### Given data
---
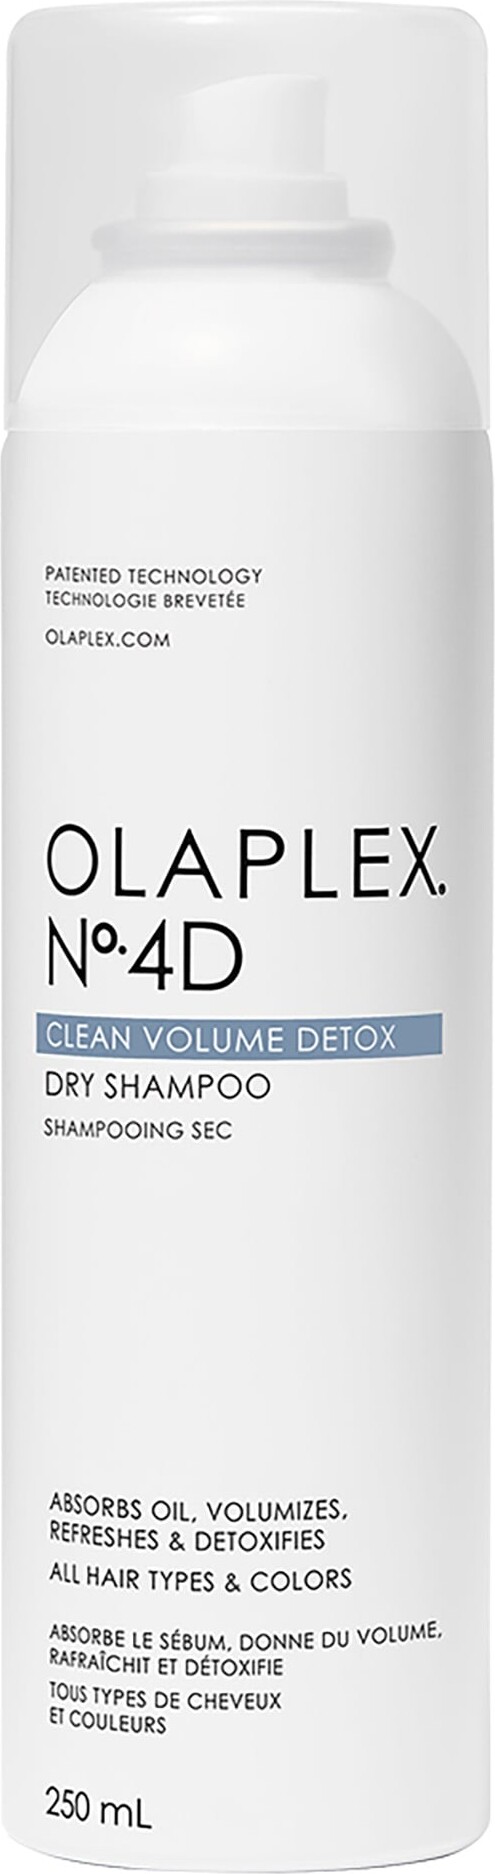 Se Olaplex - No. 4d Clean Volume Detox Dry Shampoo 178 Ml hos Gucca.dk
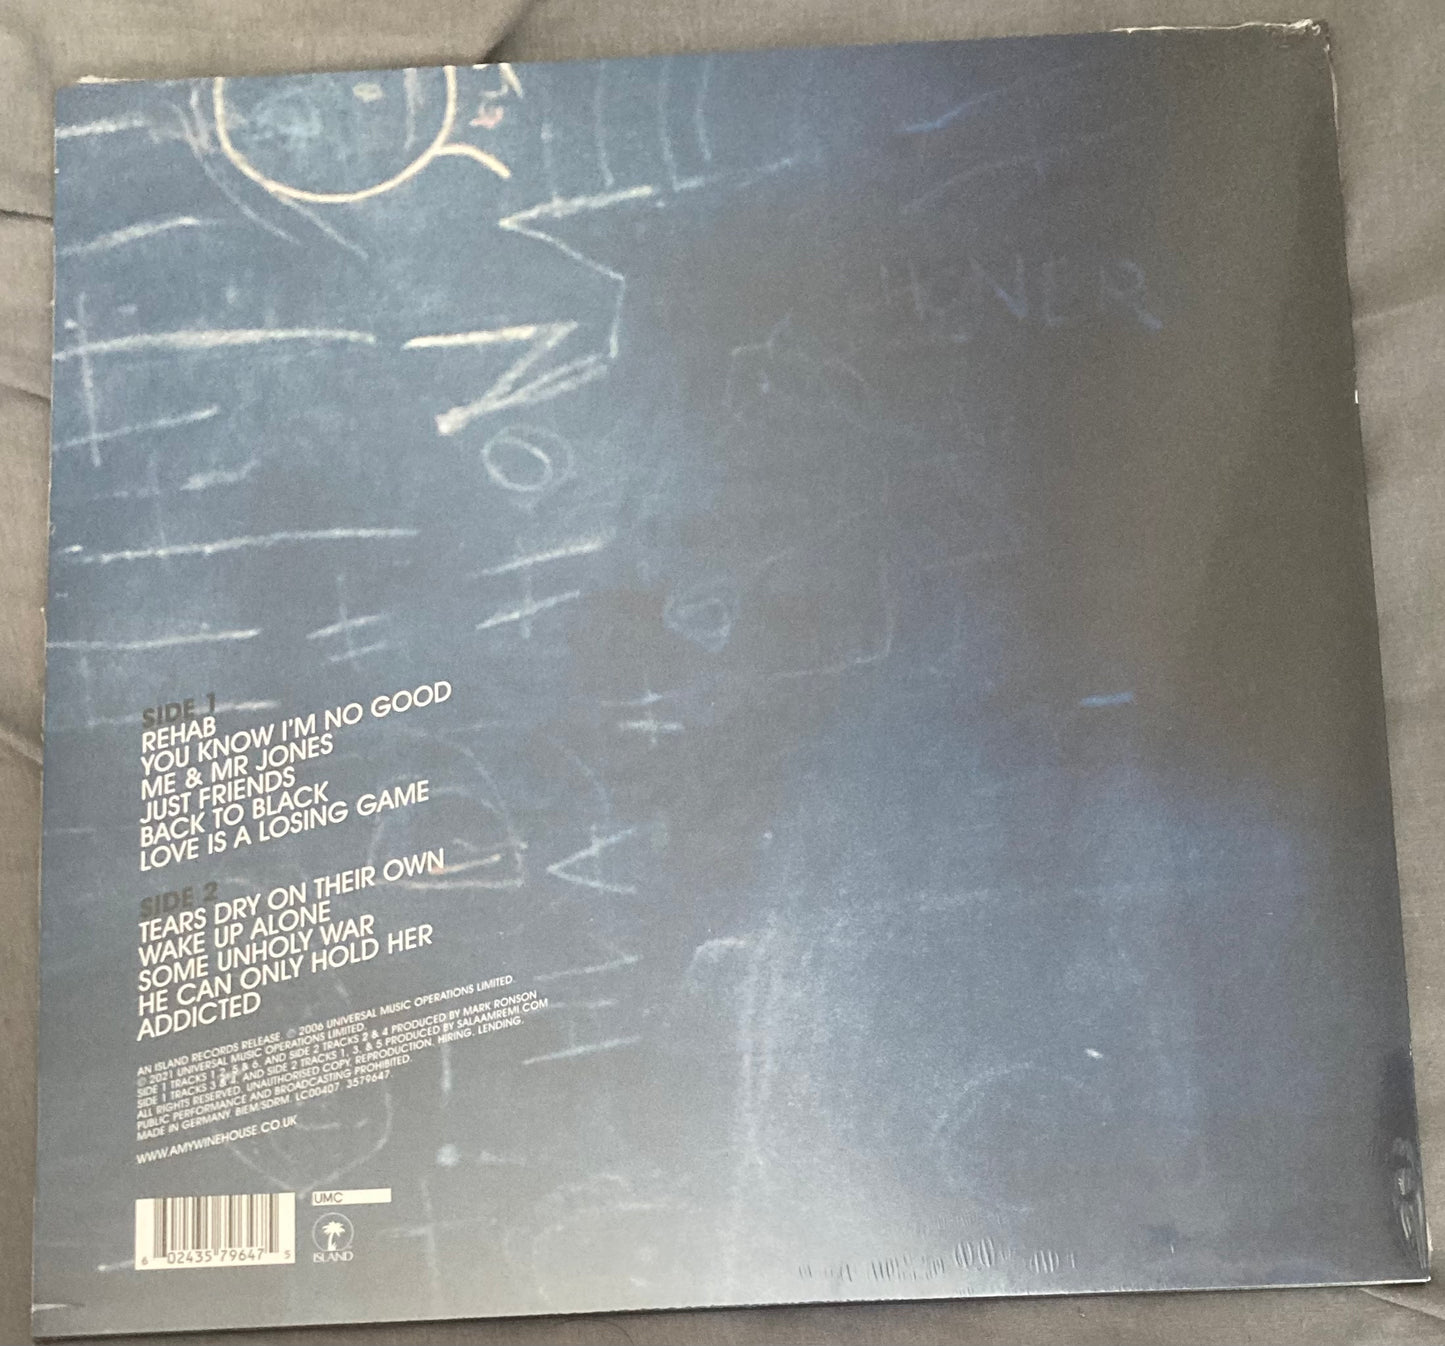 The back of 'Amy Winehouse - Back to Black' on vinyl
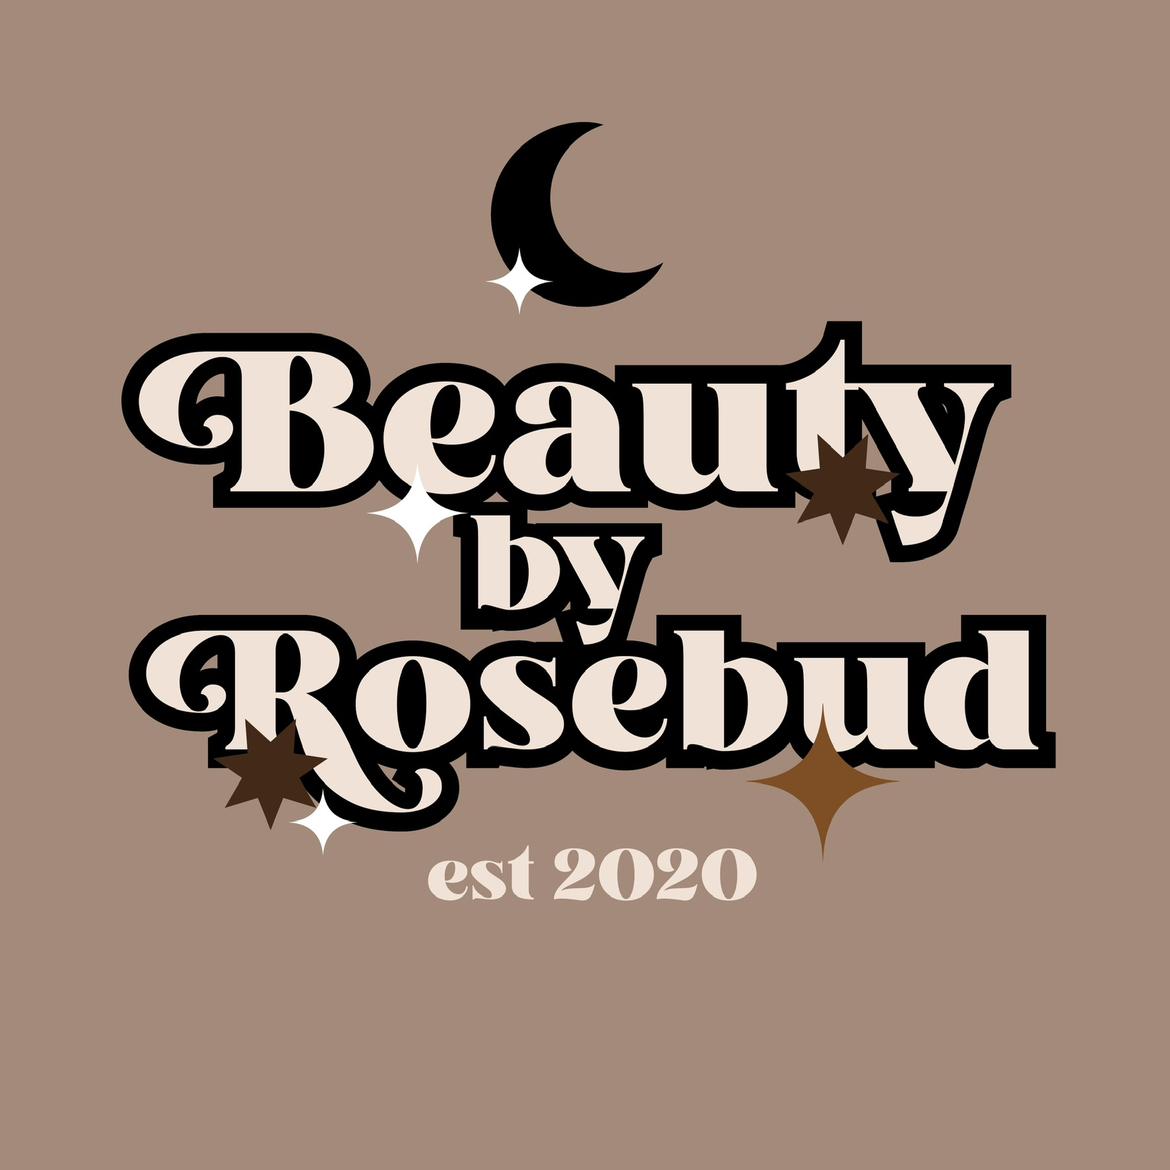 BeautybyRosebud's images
---
### Problem to work on
Take the listing above and retype it exactly. Its pictures are to be omitted.

### Response to the exercise
 Se Olaplex - No. 4d Clean Volume Detox Dry Shampoo 178 Ml hos Gucca.dk
 The back of 'Amy Winehouse - Back to Black' on vinyl
 BeautybyRosebud's images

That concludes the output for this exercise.